**REQUIRED WORK**
Beneath this line are entries. Copy the range from the line with "A.2. Geometric notation" to the line with "18kt Gold Link", ends included, exactly; leave pictures out.

**DATASET ENTRIES**
* * * * * * * * *
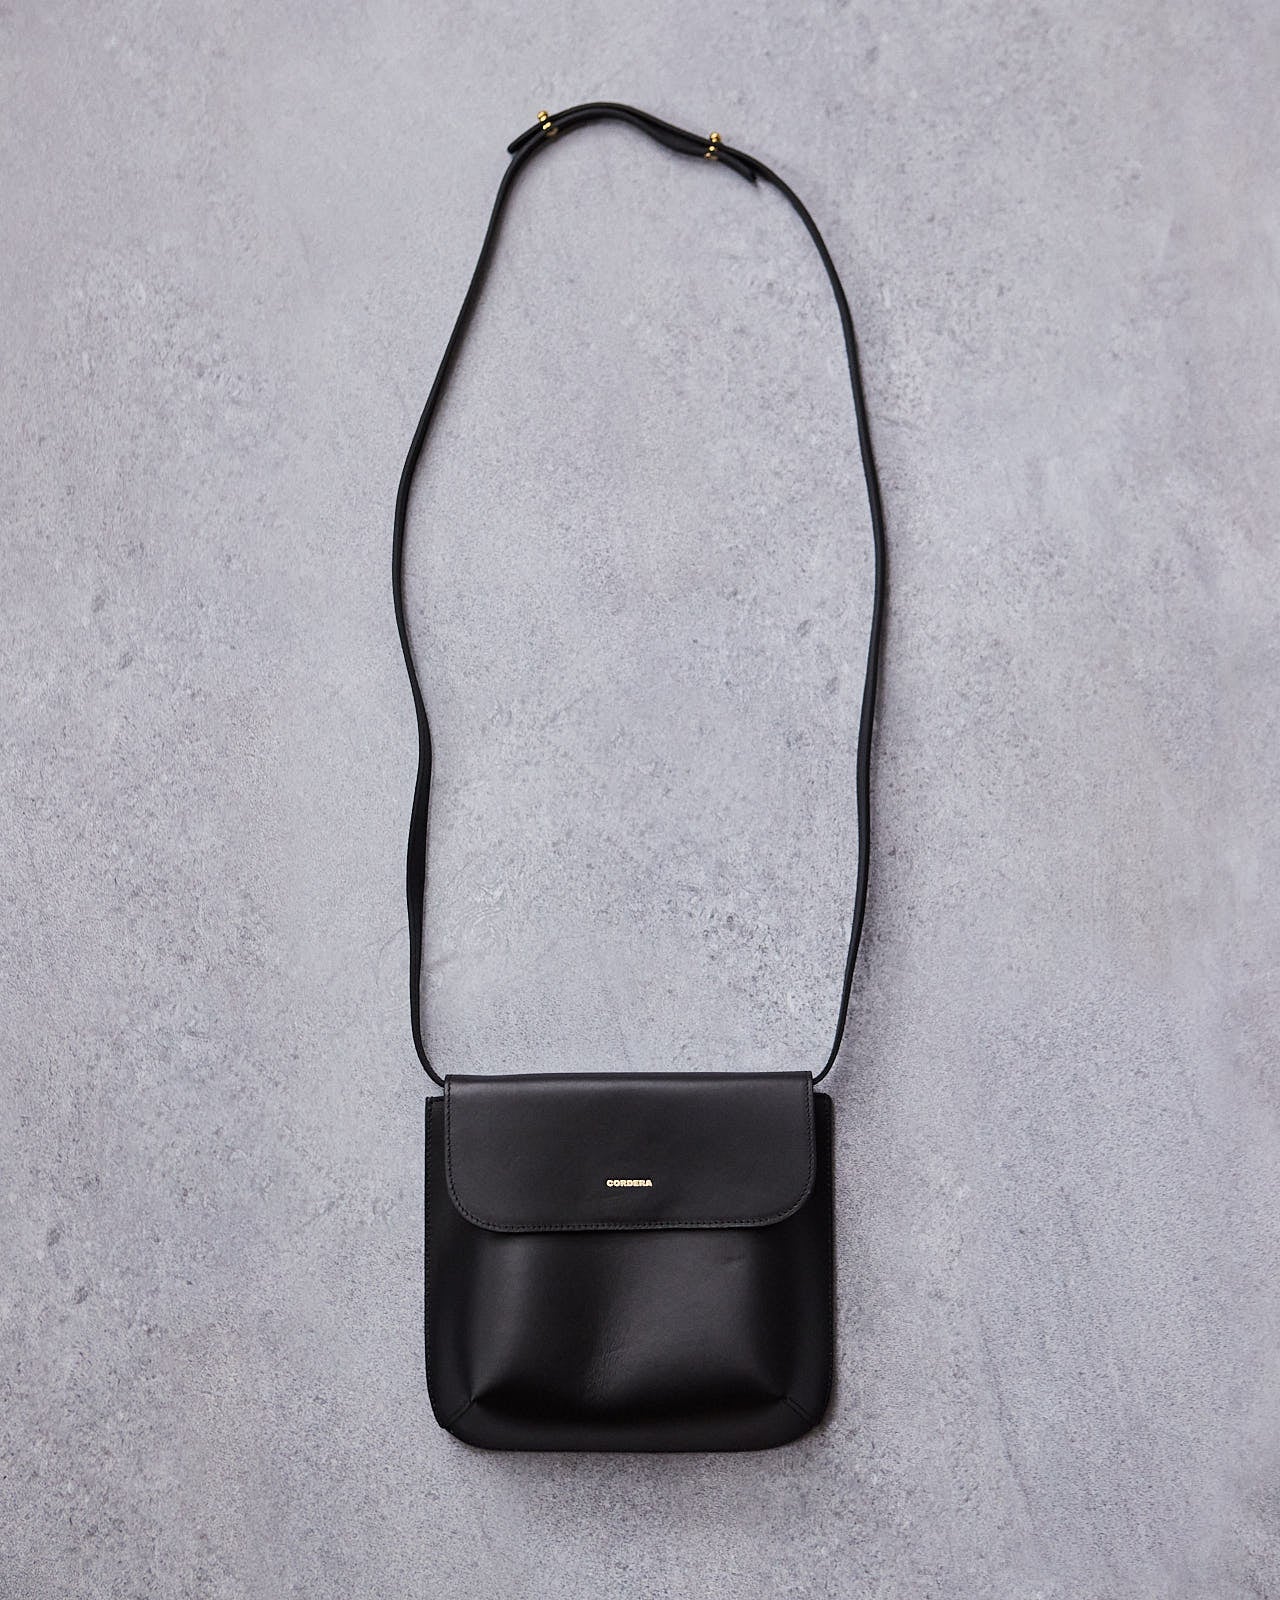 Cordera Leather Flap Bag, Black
* * * * * * * * *
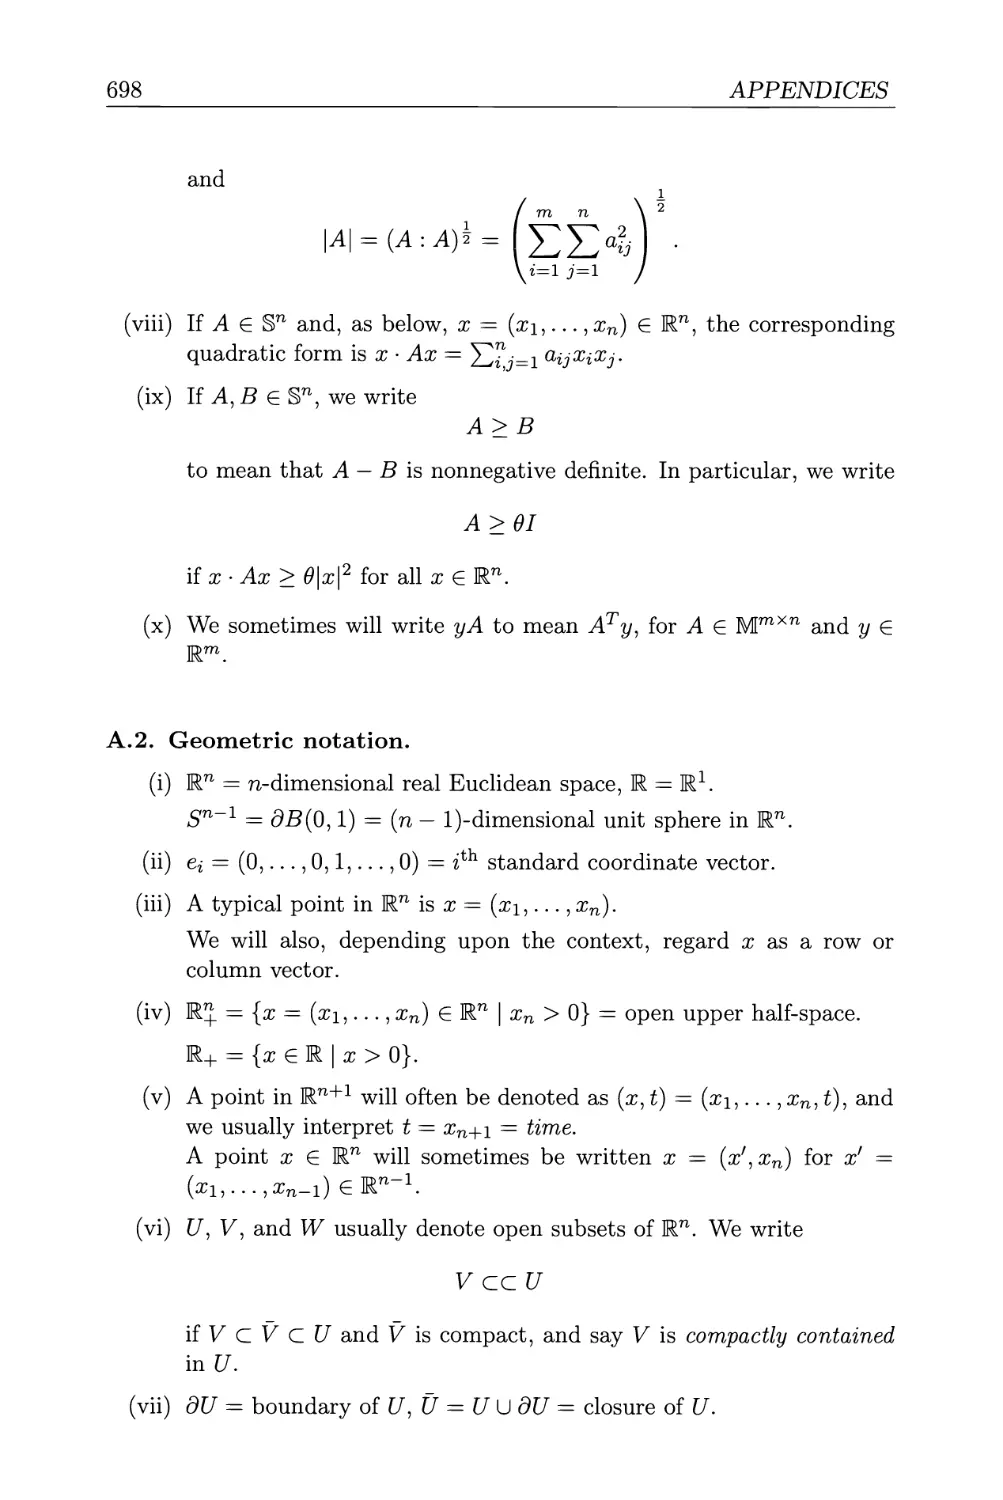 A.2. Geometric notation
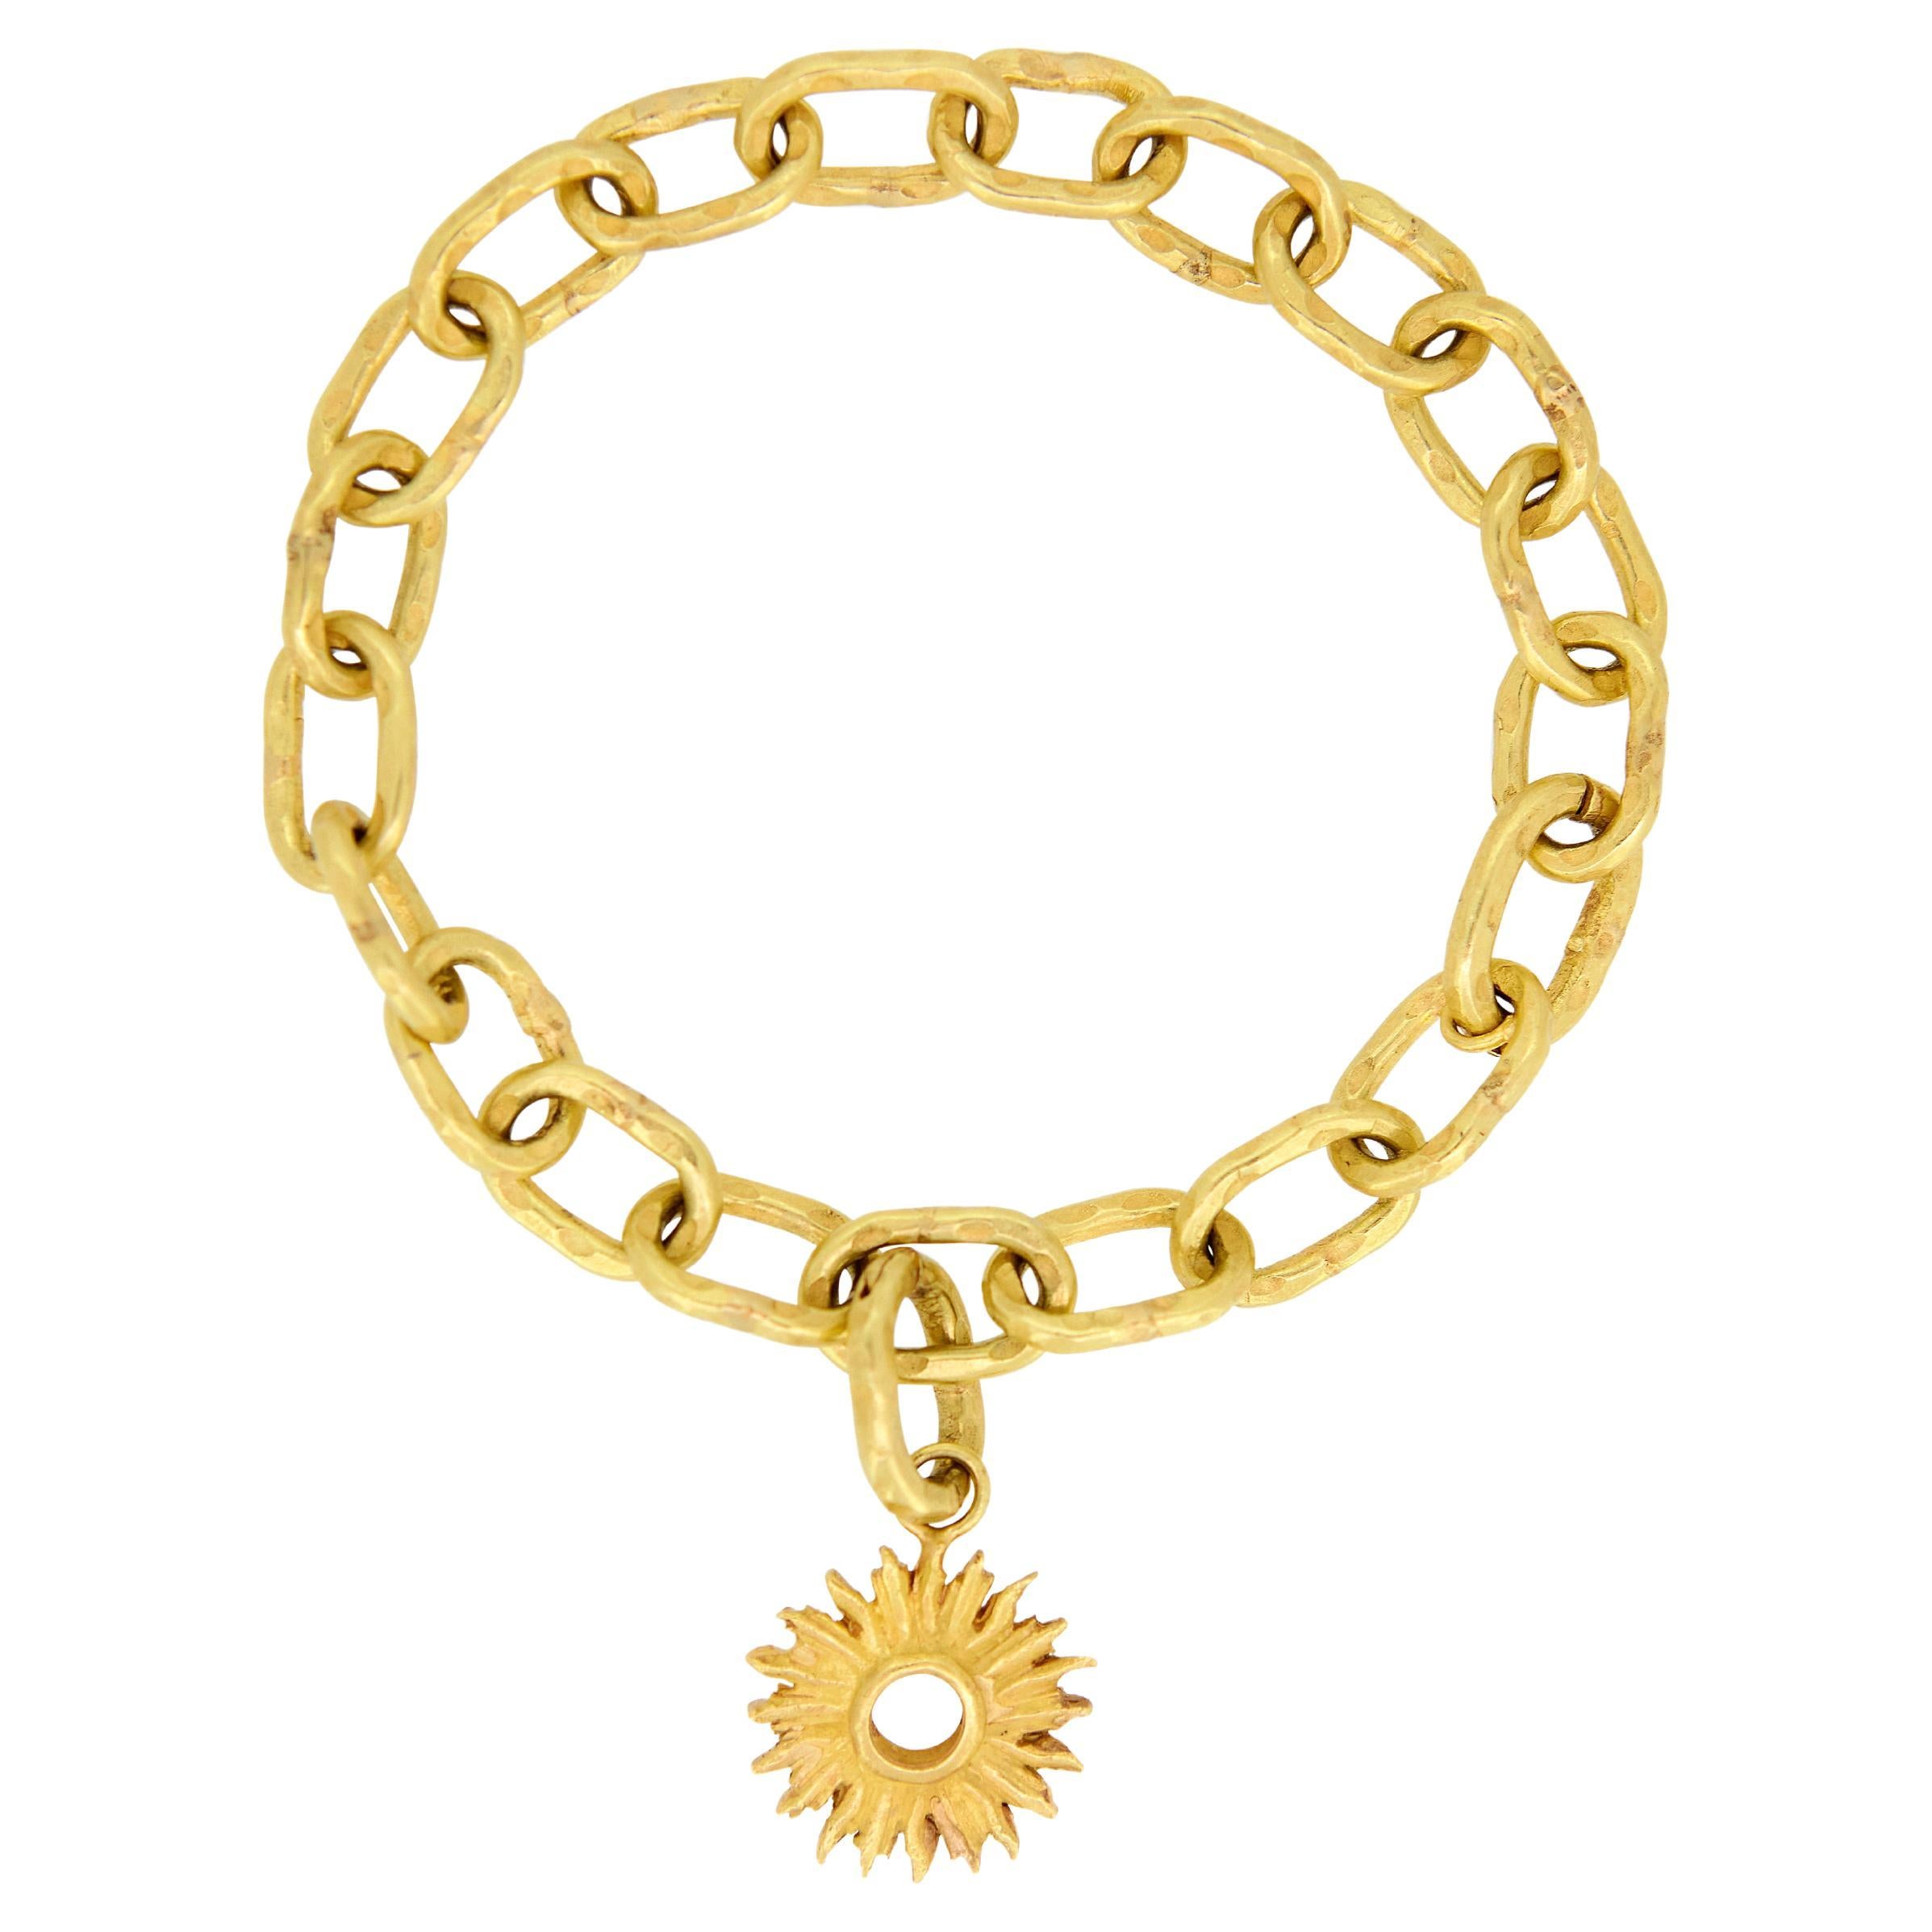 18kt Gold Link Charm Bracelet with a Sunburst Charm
* * * * * * * * *
**SOLVED PROBLEM**
 A.2. Geometric notation
 18kt Gold Link Charm Bracelet with a Sunburst Charm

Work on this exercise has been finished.